The Livestock Committee removed their recommendations from consideration after receiving numerous comments from the public and from farmers resulting in significant changes to the recommendations. The committee plans to rework the recommendations and bring them back to the full board for the fall 2011 meeting. You can read the full original recommendations below.

Materials Classification Guidance

Proposed Action

The Materials Committee developed a recommendation involving two separate motions to change the way that the board classifies materials.

The first motion was to eliminate a sentence that the committee added to the board’s definition of “chemical change” in April 2010. This definition is highly significant for evaluating whether a material is natural or synthetic due to the board’s definition of “synthetic” including any material that has gone through chemical change. The committee proposes to remove a sentence from the definition of “chemical change” which had exempted “processing” from being a method that results in chemical change. The committee still believes that processing a material should not result in its immediate classification as synthetic, but wishes to address the matter through a guidance document, rather than amending the definition.

The second motion relates to residues of synthetic substances in final organic food products. The committee ultimately adopted a recommendation that, for the purposes of definition, a “significant level” of synthetic residue on the final product is defined as “a level exceeding any applicable regulatory limits, where in effect for the material classified,” such as EPA pesticide tolerance levels.

See details and Beyond Pesticides’ recommended actions.
See Beyond Pesticides’ comments submitted to the board.

Final Board Action

1st motion, to remove processing exemption from definition of chemical change:

Yes – Unanimous

2nd motion, to define “significant” in terms of synthetic residue:

Yes – 8 (WF, TE, CW, SD, KH, JFo, JD, TM)

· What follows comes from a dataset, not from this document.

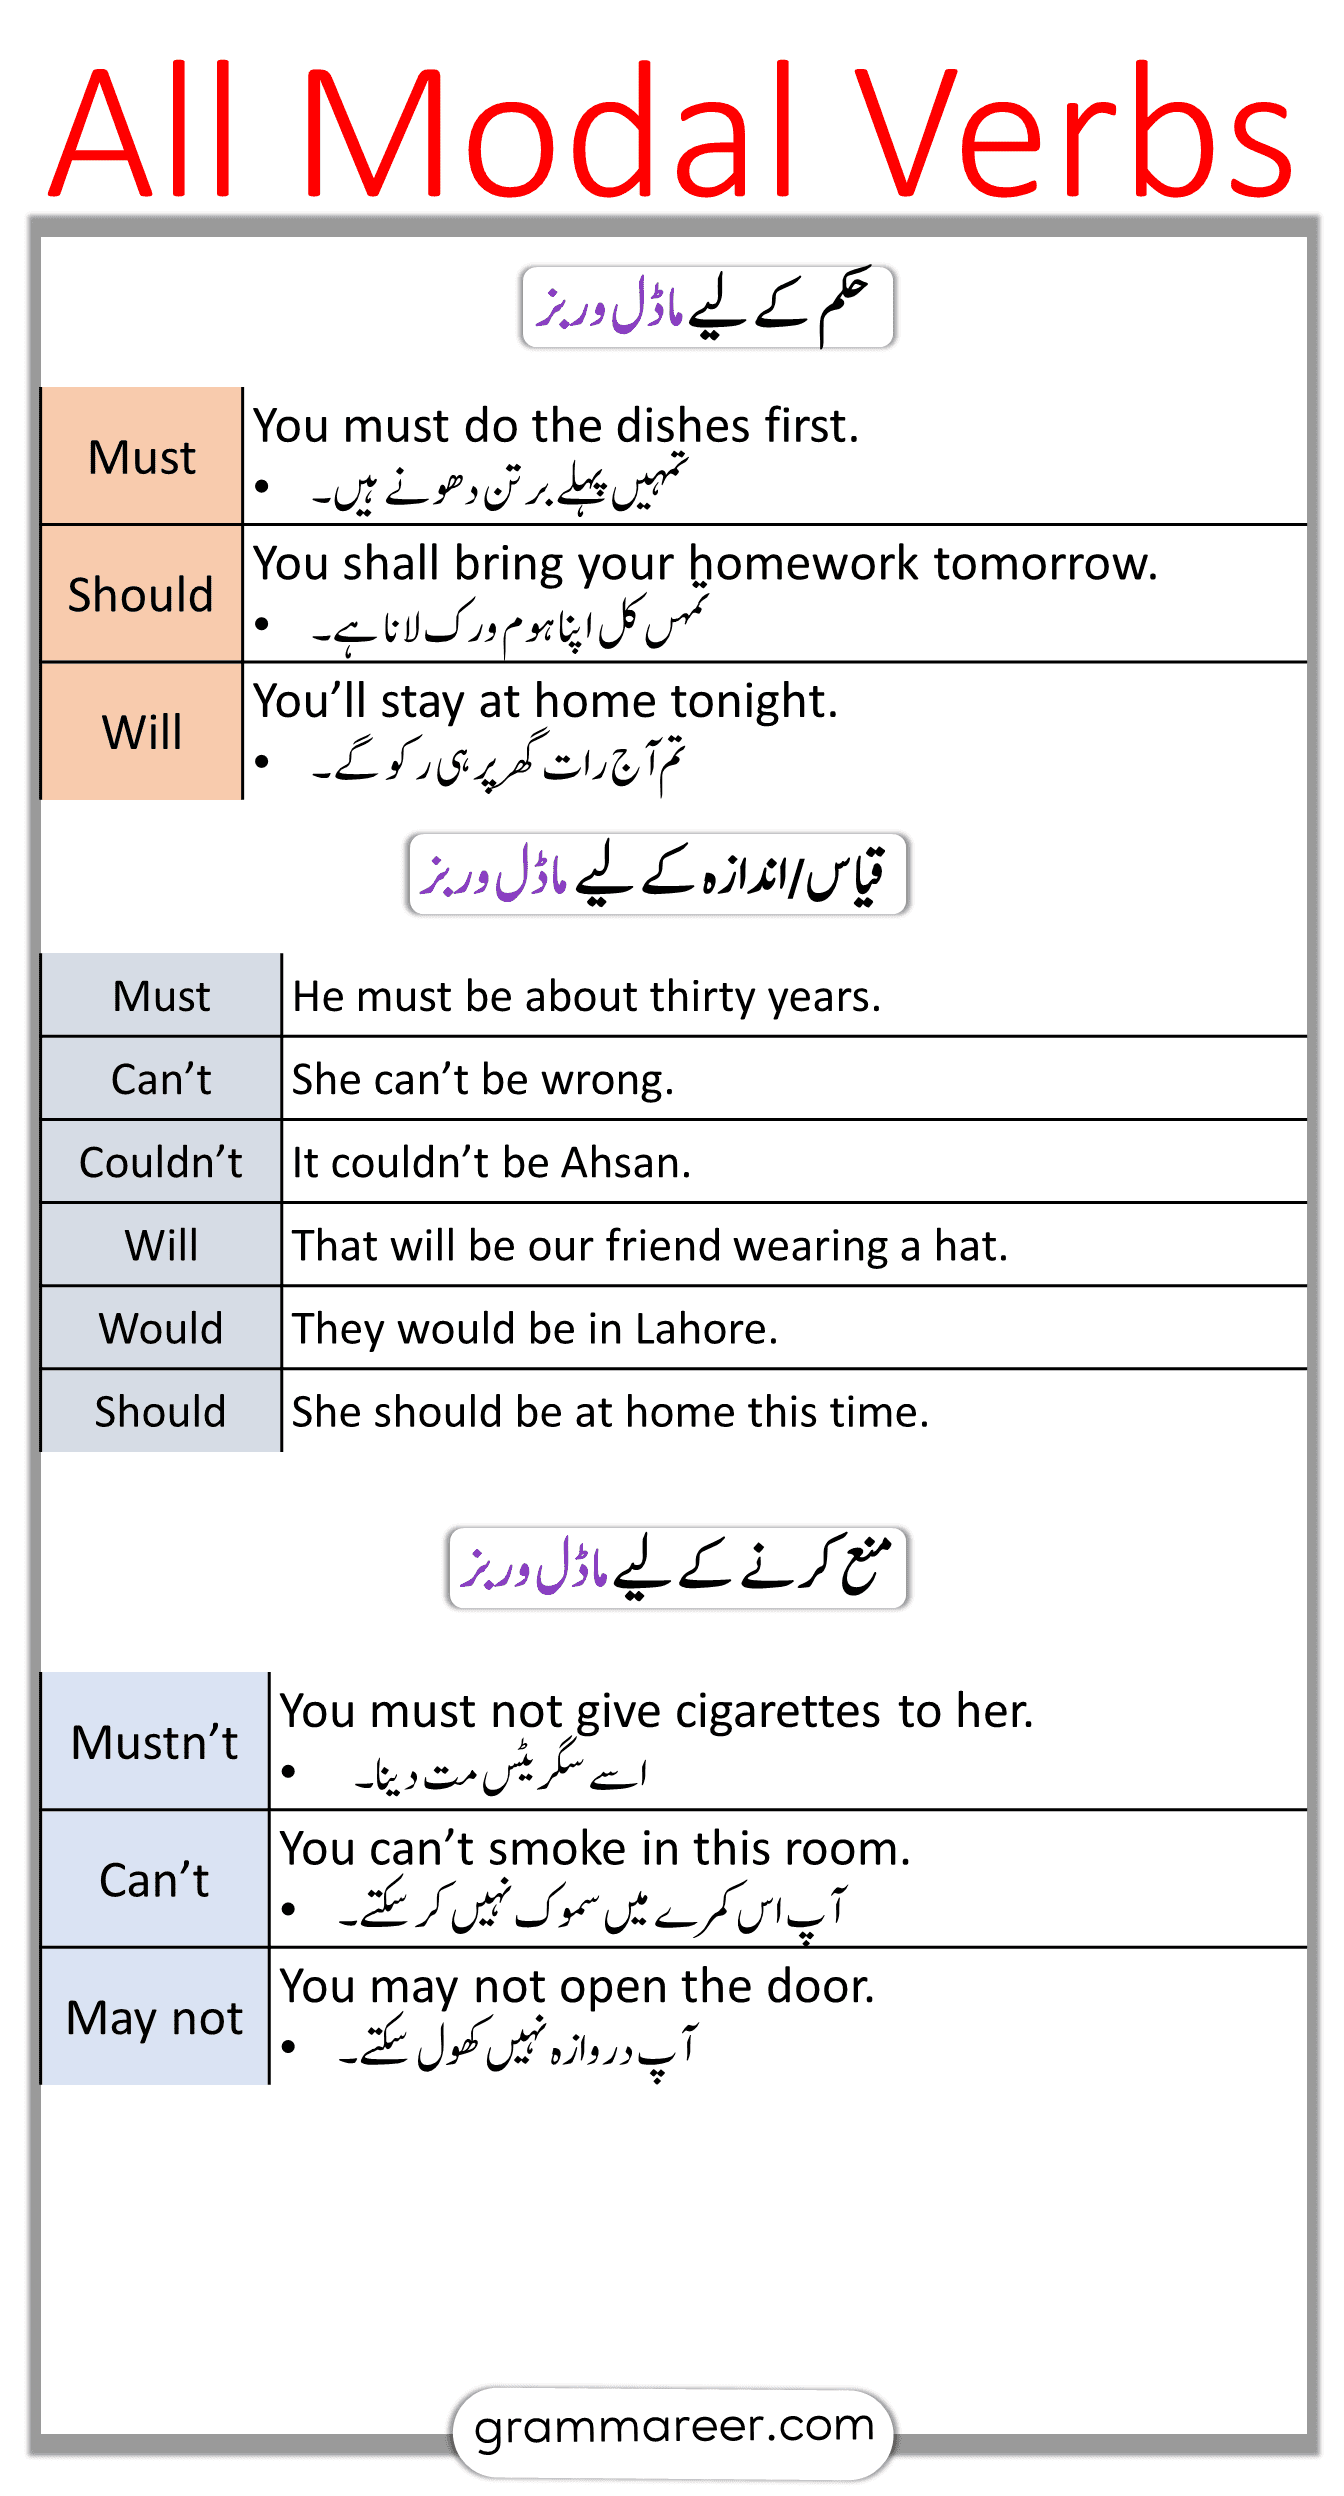 All Modal Verbs with Example Sentences in Urdu

No – 6 (NM, BF, JFe, JT, MS, CB)

Summary

"Processing" will no longer be specifically excluded from the board’s definition of “chemical change” as it relates to classifying a material as natural or synthetic.

Adoption of the definition of “significant” did not pass, lacking a 2/3 majority of the board. The Materials Committee will go back and rework the recommendation for the next NOSB meeting in fall 2011.